Thank you for your answer!
I am not very familiar with proxies. How can I check if there is a proxy in the cluster? I believe it has access to internet though.

Configuring git to use a proxy seems to be easy, but which proxy should I make it use?

Thank you again, and sorry if I am not very familiar with all this.

If you succeed I would like to know your process… we did try it in my institution and the IT guys didn’t manage to install properly CuArrays … so no gpu’s…

Do you have any log files from your attempt on the cluster?

Nothing really helping in .julia/logs. Here is the error message:

ERROR: failed to clone from GitHub - JuliaRegistries/General: The official registry of general Julia packages, error: GitError(Code:ERROR, Class:Net, curl error: Failed to connect to github.com port 443: Connection timed out)

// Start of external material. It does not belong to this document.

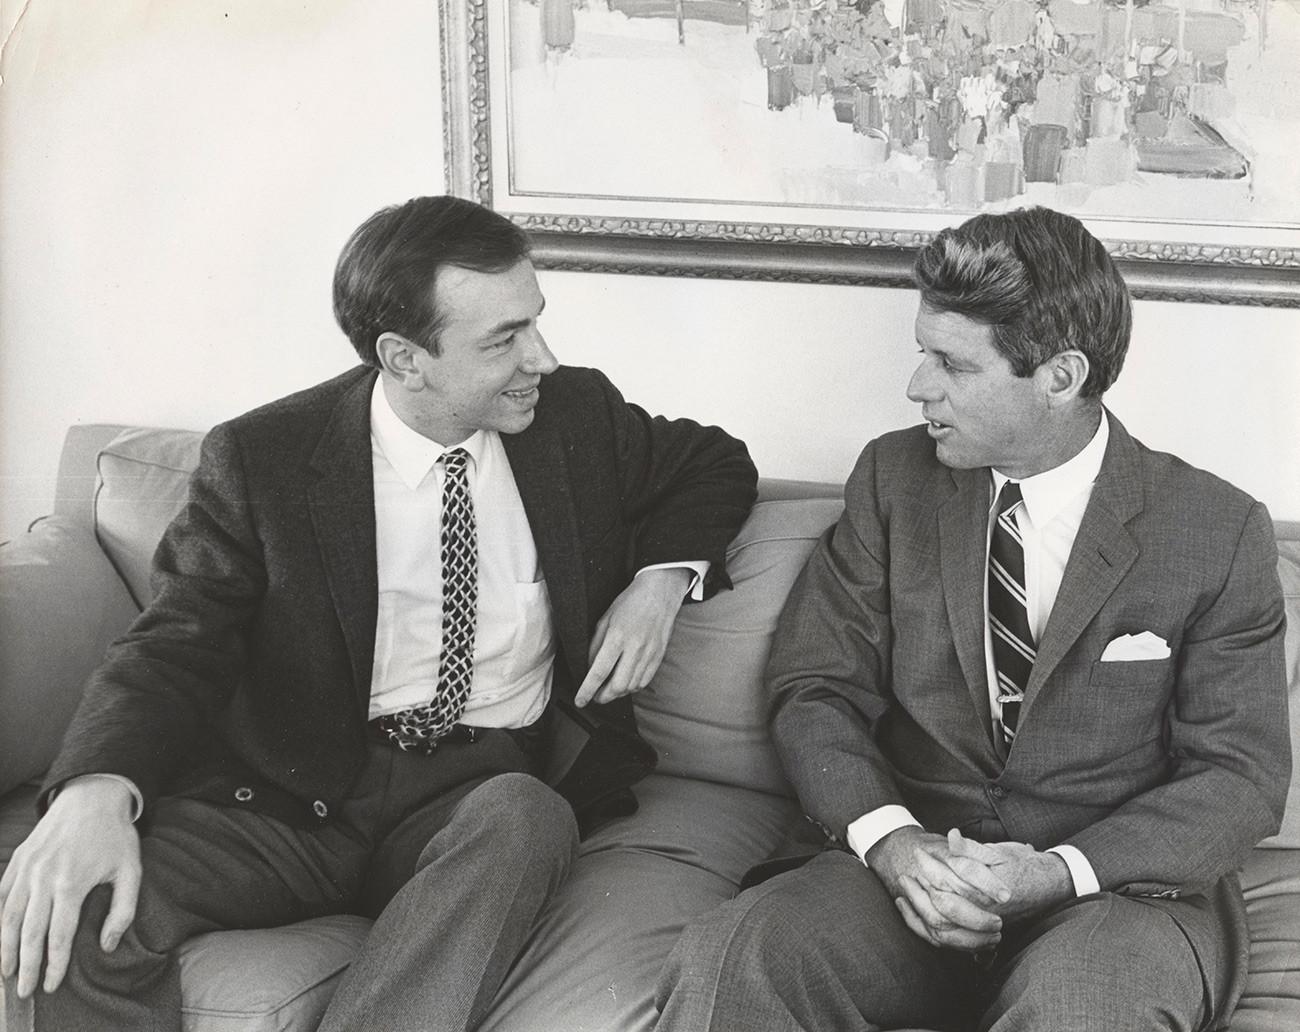 アンドレイ・ヴォズネセンスキーとロバート・ケネディ、1967年

Then, as suggested by others, it’s probably proxy-related (the port is blocked, assuming there is access to the internet). The easiest is to simply contact the system admins and configure your .gitconfig file accordingly.

Hello @Massimiliano_Comin I agree that there may be a proxy configured on your cluster. As @balinus says just ask you friendly system admins.

Also please ask their advice on which filesystem is suitable for your project. Often on an HPC cluster the HOME filesystem has a small storage space per user and is slow. HPC clusters have parallel filesystems which are much more suitable to the task. You shoudl be told where to put your executables/libraries and where to create your data.

Thank you, I will try to contact the system admins to set up the git proxy properly.
As for the file systems, we have indeed a workspace where we can put execs, libs, etc… so it will not be a problem.

The cluster is not connected to the internet, meaning I can only use SCP. How can I install packages then?

Thank you for your help.